Integrating SQL Into your Software

Integrating SQL Into your Software

Video

Motivation

Data analysts can use the SQL interface, on its own, together with csv imports and exports to do everything they need.

However, most software involves layers - only one of which is the database.

Python Database Interfaces

Python contains a standard for database interfaces, laid out in PEP 249.

This means that - while we will be discussing sqlite usage - any other compliant database interface will work equivalently. For example, this common interface can be connected to Pandas.

sqlite3 Module

There are two main objects in a database interface; a connection, which is your hub for the database, which can provide you cursors which run your statements and hold more stateful information.

Connections

Connections are the main place where interfaces are allowed to differ, and sqlite3 is characteristically simple.

A connection requires opening and closing - and as such, is best managed as a context:

import sqlite3

with sqlite3.connect("bibliography.sqlite") as con:
    pass

Cursors

Cursors represent a particular position in the database, and hold the rows - as an iterator, or accessed through methods - when you select.

With Cursors, we are ready to run our SQL commands:

with sqlite3.connect("bibliography.sqlite") as con:
    cur = con.cursor()
    cur.execute("SELECT DISTINCT author_name FROM ArticleAuthors")
    for row in cur:
        print(row)

The execute function runs exactly one SQL operation, so there is no need to add semicolons - and if you want to run multiple SQL operations (for example, to CREATE TABLE in a query) you must split them up between .execute() calls.

Values

We know how to use values in SQL statements, and build queries. You may be compelled to use your python string-formatting and assembling skills to build queries.

Exploits of a Mom XKCD

Don't.

You may have heard the phrase "Sanitize your Database Inputs." This is a more specific instance of a broader piece of advice - be deliberate in what your code will do, even when passed strange inputs.

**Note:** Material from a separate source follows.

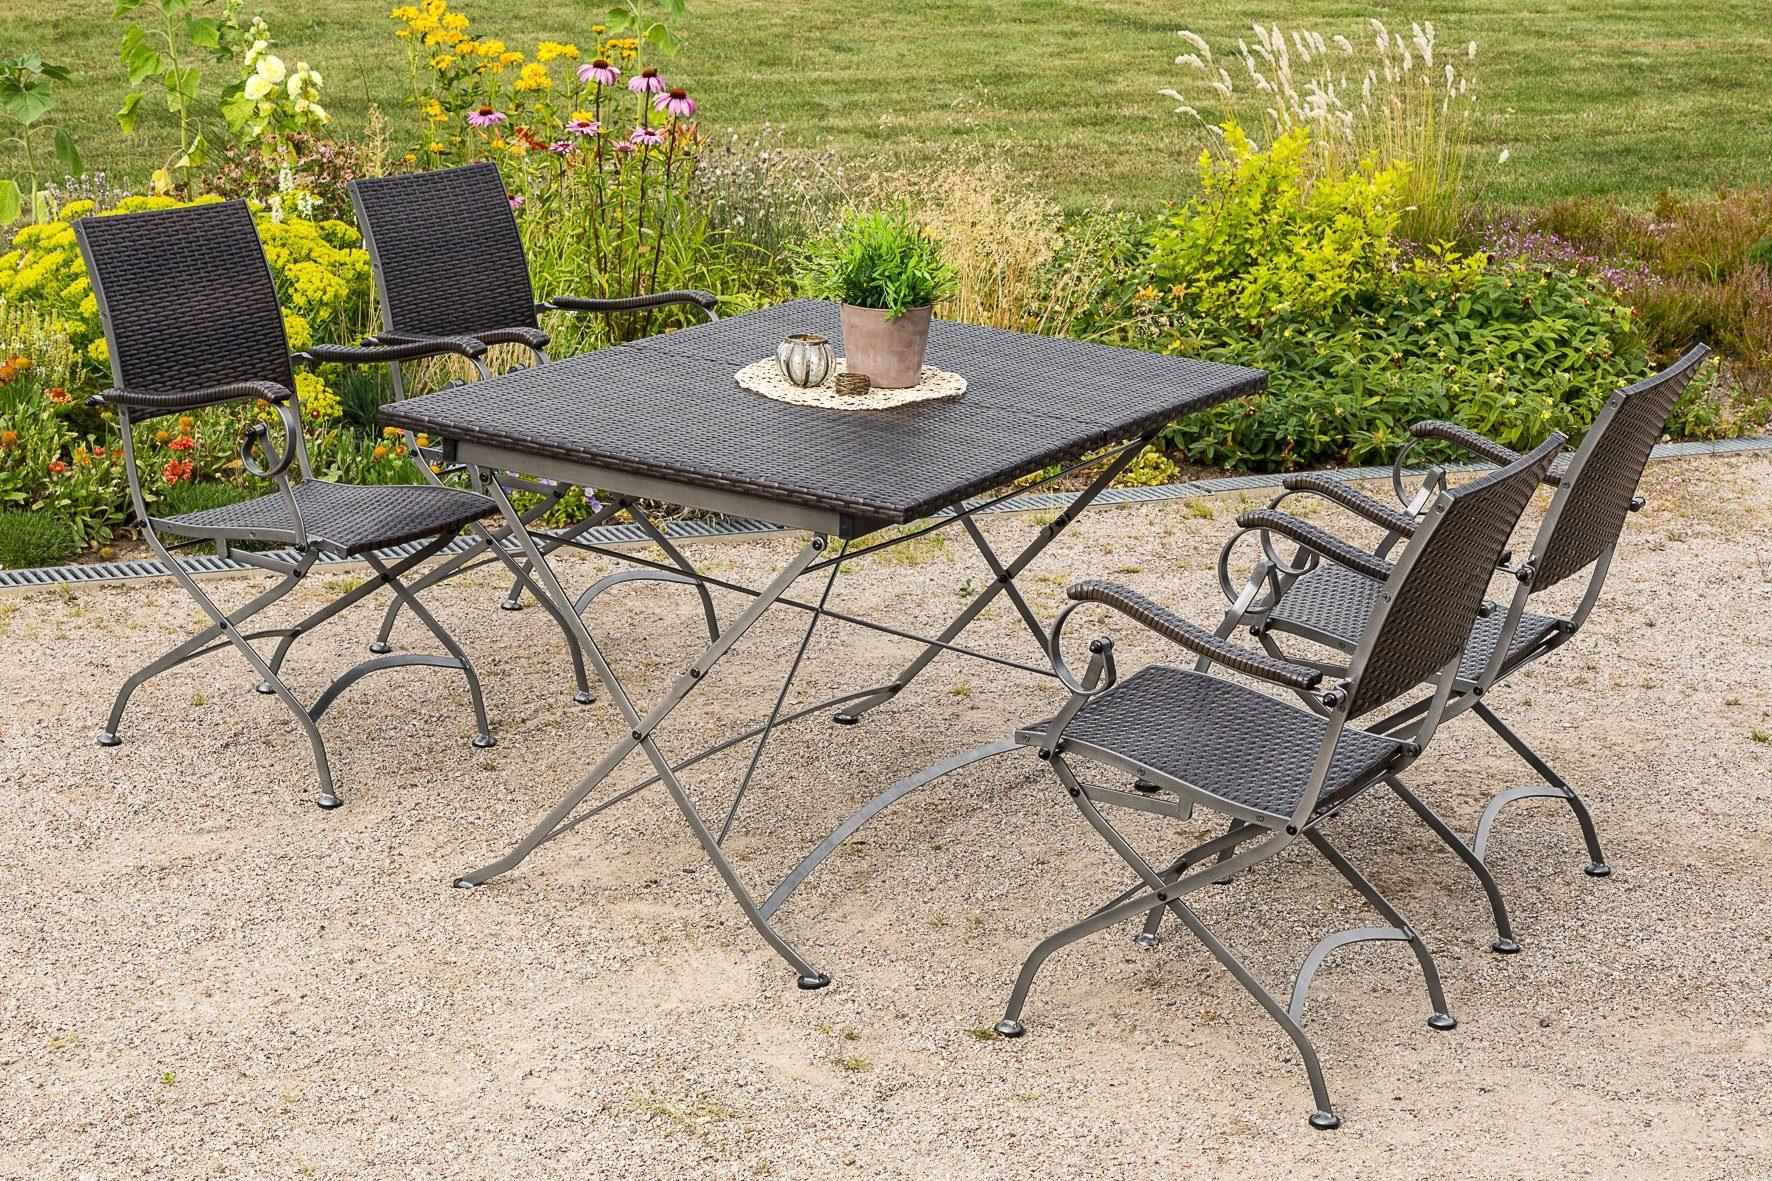 MERXX Gartenmöbelset »Sanssouci«, 5tlg., 4 Sessel, Tisch, klappbar, ausziehbar, Polyrattan

The Python database interface makes it easy to sanitize your variables; instead of using .format, f-strings, or string concatenation, simply use ? for your values, and pass them in as a tuple:

with sqlite3.connect("bibliography.sqlite") as con:
    cur = con.cursor()
    cur.execute("""
        SELECT title
        FROM ArticleAuthors
        NATURAL JOIN Articles
        WHERE author_name=?
        """,("Wagstaff, Samuel S",))
    for row in cur:
        print(row)

And let the module place them in.

Streamlining SQL with Python

Note that each SELECT on the cursor clears the buffer of rows; if you want to do multiple queries nested, you should extract the data to a table first:

with sqlite3.connect("bibliography.sqlite") as con:
    cur = con.cursor()
    cur.execute("SELECT DISTINCT author_name FROM ArticleAuthors")
    authors = cur.fetchall() # Equivalent to [i for i in cur]
    coauthors = dict()
    for author, in authors:
        # Here's our old fetch-coauthors function!
        cur.execute("""
            SELECT DISTINCT author_name
            FROM ArticleAuthors
            WHERE article_id
            IN (
              SELECT article_id
              FROM ArticleAuthors
              WHERE author_name=?
            )
            AND NOT author_name=?;
        """,(author,author))
        coauthors[author]=(set(i for i, in cur)) #
coauthors

You can construct this information within SQL with a complex query, involving GROUP BYs and whatnot, but it is complex enough to look at. A well-designed and optimized SQL query will almost always be faster, but that comes at a cost of readability and time.

Inserting Data

From this, you should be able to piece together how to insert data. However, it is worth noting that there is an abbreviated - and faster to execute - syntax for running the same operation, but varying the data:

article_id = "baillie1980lucas"
title="Lucas pseudoprimes"
journal="Mathematics of Computation"
authors=("Baillie, Robert","Wagstaff, Samuel S")
with sqlite3.connect("bibliography.sqlite") as con:
    cur = con.cursor()
    cur.execute("""
        INSERT INTO Articles(
          article_id,
          title,
          journal
        )
        VALUES (?,?,?)
        """,(article_id, title, journal))
    article_authors = [(article_id, name, index)
                       for index,name in enumerate(authors,start=1)]
    cur.executemany("""
        INSERT INTO ArticleAuthors(
            article_id,
            author_name,
            author_number
        )
        VALUES (?,?,?)
        """, article_authors)
    con.commit()

Commits

However, as an artefact from more complex database architectures - and from concurrent applications - we must commit our changes, or they might not show up in the database.

After any changes, run con.commit().

SQLite does autocommits - and largely works without this. However, strange things can happen, and it makes your code less portable to other databases with more explicit transaction models.

Note that only one running proccess can edit a SQLite database at a time, and others may throw errors or wait for a close. If you need higher concurrency, you neeed something other than SQLite.

Worksheet

Today's project, which spans both today and Monday, will take you through using a SQL backend, and creating a Python frontend for a Gradebook.